**RECORDED INFORMATION**
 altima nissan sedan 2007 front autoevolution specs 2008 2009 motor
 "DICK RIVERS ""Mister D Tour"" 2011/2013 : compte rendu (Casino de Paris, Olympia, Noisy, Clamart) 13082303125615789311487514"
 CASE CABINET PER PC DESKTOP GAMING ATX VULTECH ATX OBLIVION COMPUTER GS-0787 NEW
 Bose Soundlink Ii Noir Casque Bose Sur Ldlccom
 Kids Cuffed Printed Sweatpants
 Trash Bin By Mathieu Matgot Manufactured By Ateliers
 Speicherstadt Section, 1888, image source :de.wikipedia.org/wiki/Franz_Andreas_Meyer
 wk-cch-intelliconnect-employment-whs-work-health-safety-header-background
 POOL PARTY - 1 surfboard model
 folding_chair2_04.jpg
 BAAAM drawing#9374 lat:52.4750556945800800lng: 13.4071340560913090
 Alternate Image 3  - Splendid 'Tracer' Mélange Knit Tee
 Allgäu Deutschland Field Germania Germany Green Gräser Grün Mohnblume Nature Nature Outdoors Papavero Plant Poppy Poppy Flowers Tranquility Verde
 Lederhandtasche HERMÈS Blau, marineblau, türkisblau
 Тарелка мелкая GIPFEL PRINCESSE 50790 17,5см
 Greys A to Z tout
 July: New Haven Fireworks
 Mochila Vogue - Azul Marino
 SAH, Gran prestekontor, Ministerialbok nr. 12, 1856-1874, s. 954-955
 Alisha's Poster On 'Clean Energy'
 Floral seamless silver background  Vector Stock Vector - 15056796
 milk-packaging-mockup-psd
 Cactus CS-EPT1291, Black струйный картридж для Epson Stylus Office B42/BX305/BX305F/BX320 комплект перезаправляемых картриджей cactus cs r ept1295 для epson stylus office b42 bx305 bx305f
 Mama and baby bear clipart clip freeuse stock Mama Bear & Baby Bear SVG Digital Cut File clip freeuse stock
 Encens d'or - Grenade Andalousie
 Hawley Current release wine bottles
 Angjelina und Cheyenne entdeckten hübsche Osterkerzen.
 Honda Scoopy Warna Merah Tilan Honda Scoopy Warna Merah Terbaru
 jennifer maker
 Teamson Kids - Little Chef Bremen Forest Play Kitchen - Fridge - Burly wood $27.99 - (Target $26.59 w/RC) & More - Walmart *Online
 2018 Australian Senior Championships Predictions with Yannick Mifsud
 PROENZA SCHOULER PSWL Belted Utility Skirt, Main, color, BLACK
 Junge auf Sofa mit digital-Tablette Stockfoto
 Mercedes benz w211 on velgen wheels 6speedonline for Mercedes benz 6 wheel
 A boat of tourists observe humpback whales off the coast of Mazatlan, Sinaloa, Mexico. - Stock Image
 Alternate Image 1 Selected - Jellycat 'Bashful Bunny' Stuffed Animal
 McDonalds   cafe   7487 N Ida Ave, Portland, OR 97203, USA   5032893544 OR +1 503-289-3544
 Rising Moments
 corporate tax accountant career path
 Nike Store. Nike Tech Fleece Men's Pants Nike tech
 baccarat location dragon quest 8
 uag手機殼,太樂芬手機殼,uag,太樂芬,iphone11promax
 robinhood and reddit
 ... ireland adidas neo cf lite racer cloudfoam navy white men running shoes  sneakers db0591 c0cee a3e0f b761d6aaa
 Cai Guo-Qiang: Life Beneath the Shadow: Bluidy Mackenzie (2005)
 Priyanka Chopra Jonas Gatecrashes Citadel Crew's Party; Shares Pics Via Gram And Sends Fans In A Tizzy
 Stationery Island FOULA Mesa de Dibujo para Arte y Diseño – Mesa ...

**WHAT TO DO**
Please return all lines in the material above that include the word "Alternate".

**TASK OUTPUT**
 Alternate Image 3  - Splendid 'Tracer' Mélange Knit Tee
 Alternate Image 1 Selected - Jellycat 'Bashful Bunny' Stuffed Animal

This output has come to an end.